Solvency II system presents a radical renewal of the EU insurance supervision. It was the number one theme of discussion over the last ten years in the European insurance world. Solvency II constitutes the contribution of the insurance sector to the EU financial integration within the single market and to EU competitiveness. It aims to meet the changing needs of the economy and the society.
Applying the so called Lamfalussy process, Solvency II at first recasts and replaces all the 13 existing related Directives with a unique framework Directive including numerous new rules which introduce an overall new approach on insurance supervision, particularly on solvency issues.
The original text of the Solvency II Directive 2009/138 was approved by the European Parliament on 22.4.2009, about the same time as the de Larosière report on the necessary changes on the EU financial supervisory framework related to the financial crisis was presented.
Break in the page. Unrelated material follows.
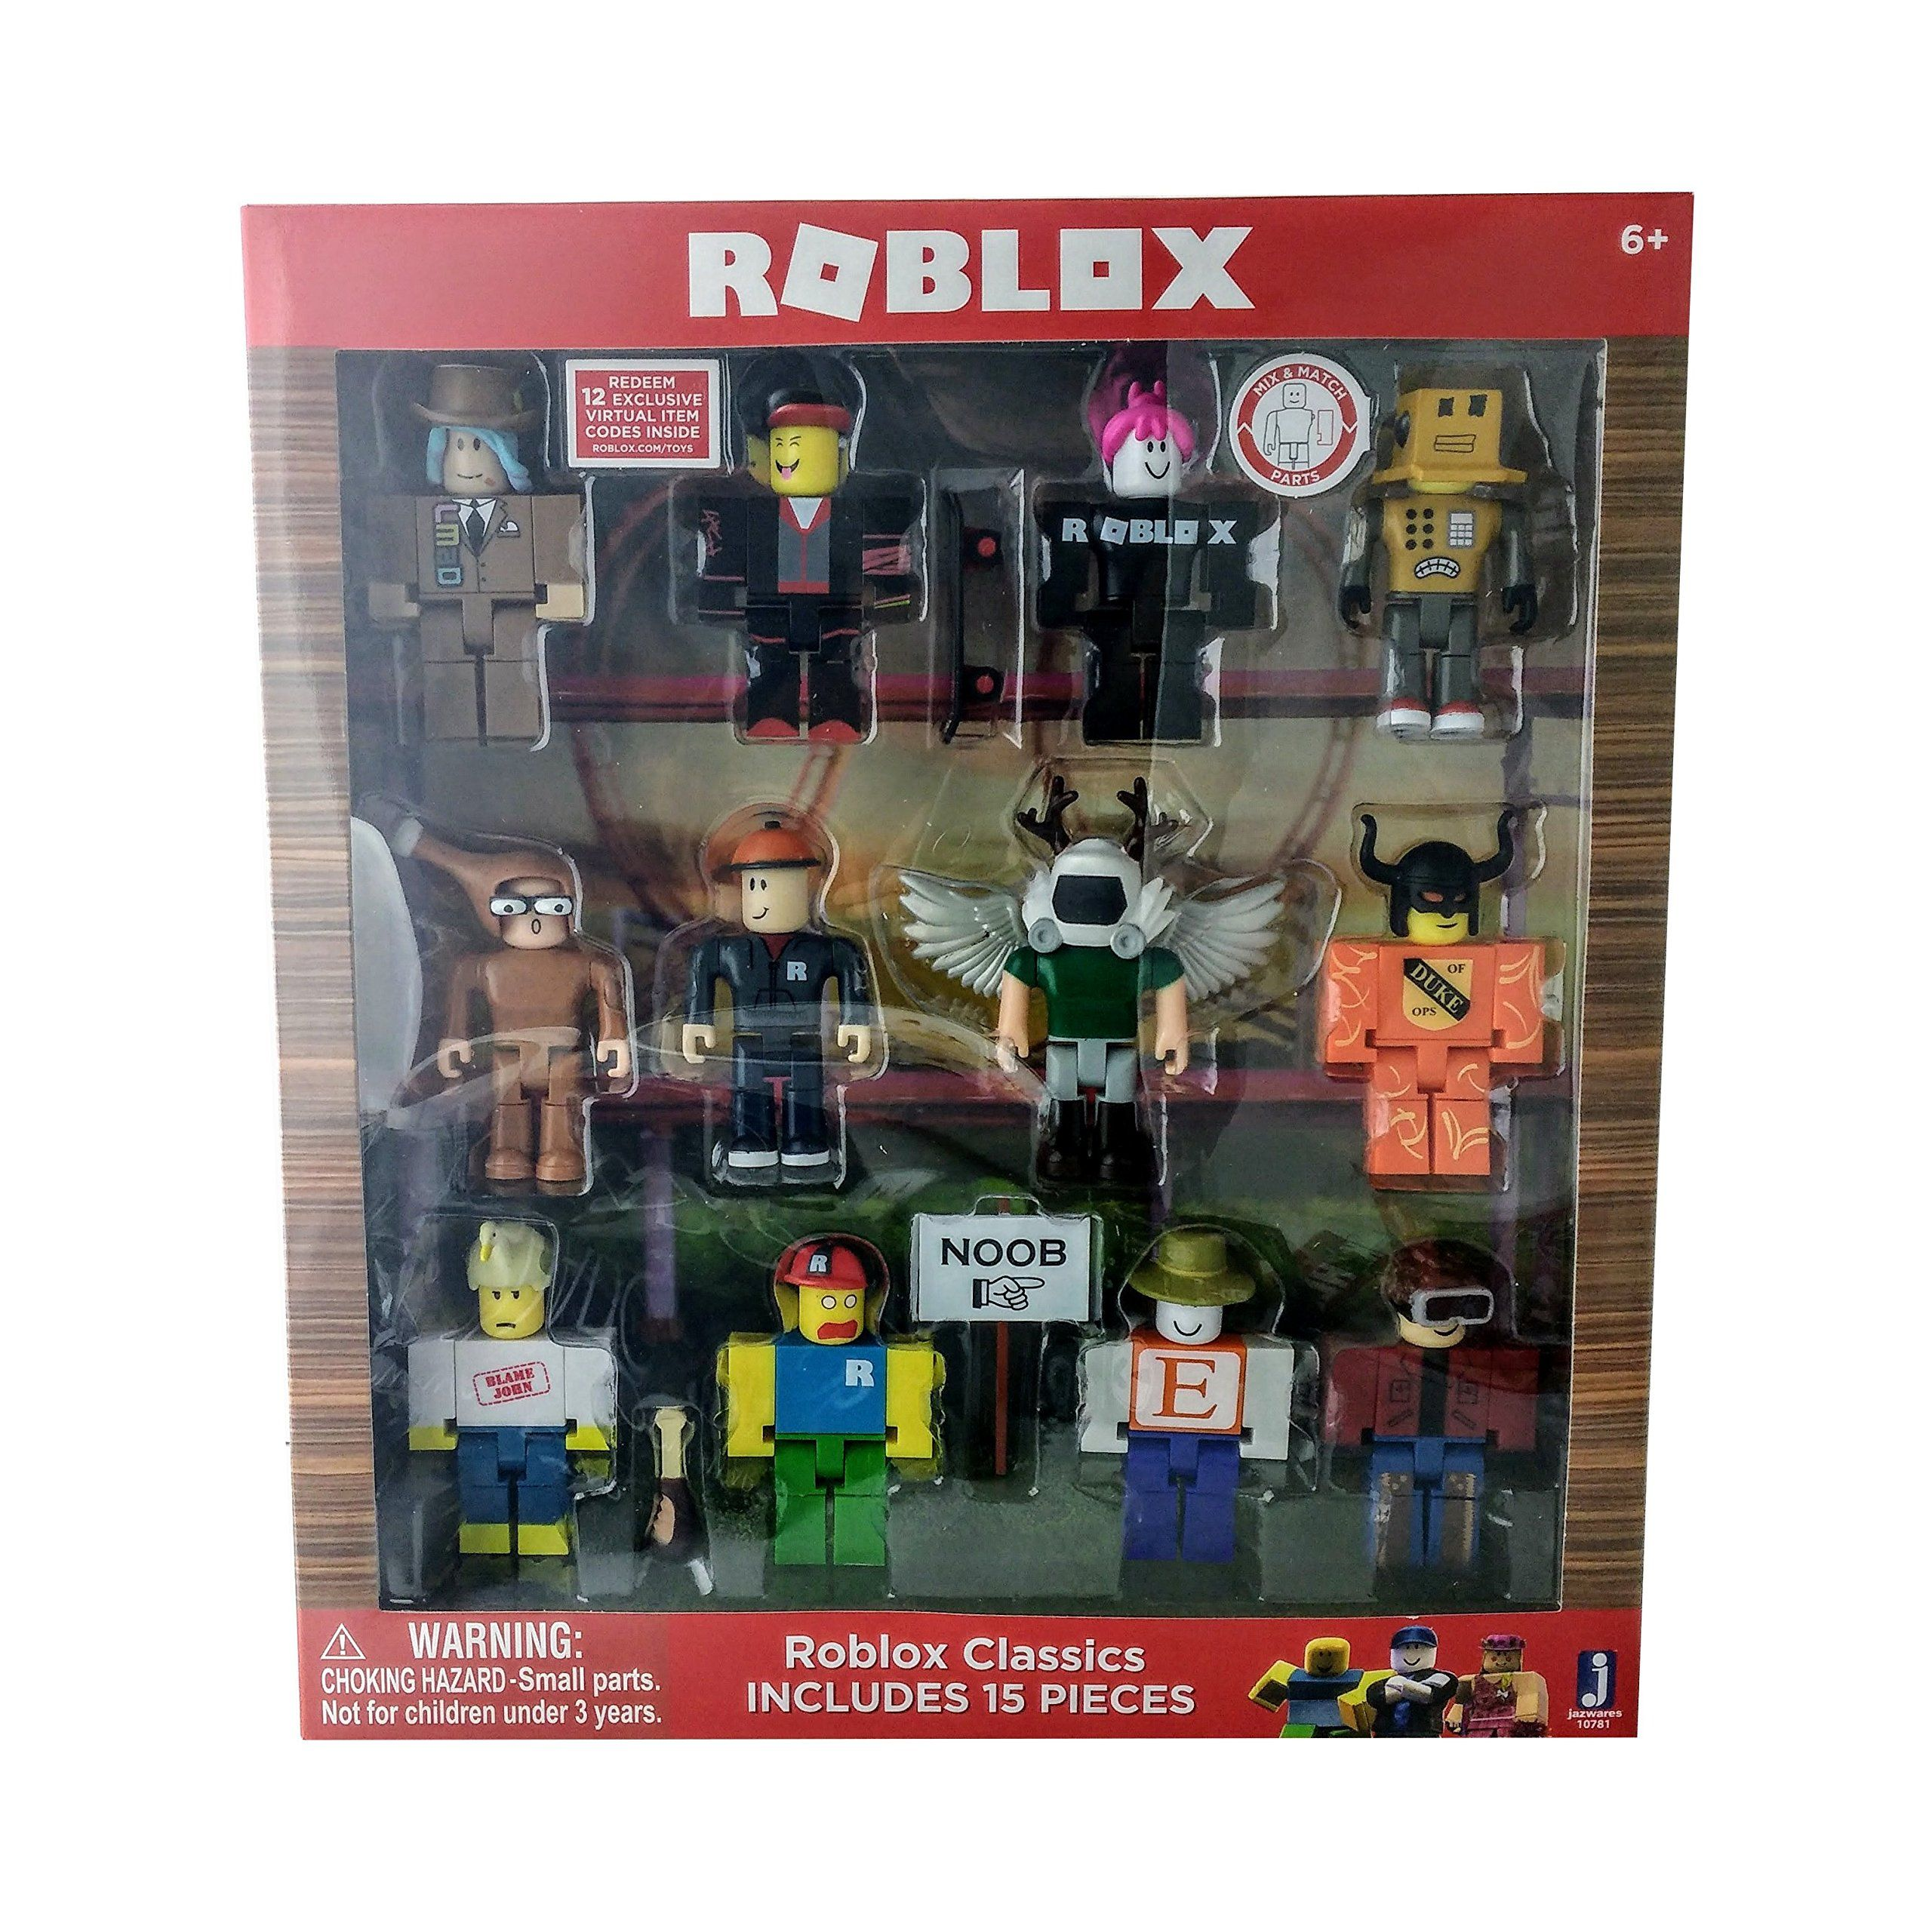 no code weapon ROBLOX game Series 1 Erik Cassel Robot Figure toy Xmas gift

With a delay of four years the Directive was implemented into national laws on 01.01.2016.
A number of changes, in particular the extended supplements introduced with article 2 of the Omnibus II Directive (2014/51) amending several Directives in respect of the powers of the European Supervisory Authorities – ESA (European Insurance and Occupational Pensions Authority – EIOPA and European Securities and Markets Authority – ESMA), was the reason why the launching of the Directive’s enacting was postponed four times until its final implementation to the EU Member States (MS). The changes that Omnibus II brought were particularly in order to include in Solvency II the new rules imposed for EIOPA, the European Insurance and Occupational Pension Authority and for the other two European Supervisory Authorities (ESAs, i.e. the European Banking Authority – EBA and the ESMA), that were created on the basis of the de Larosière report, along with the delegated acts and regulatory technical standards.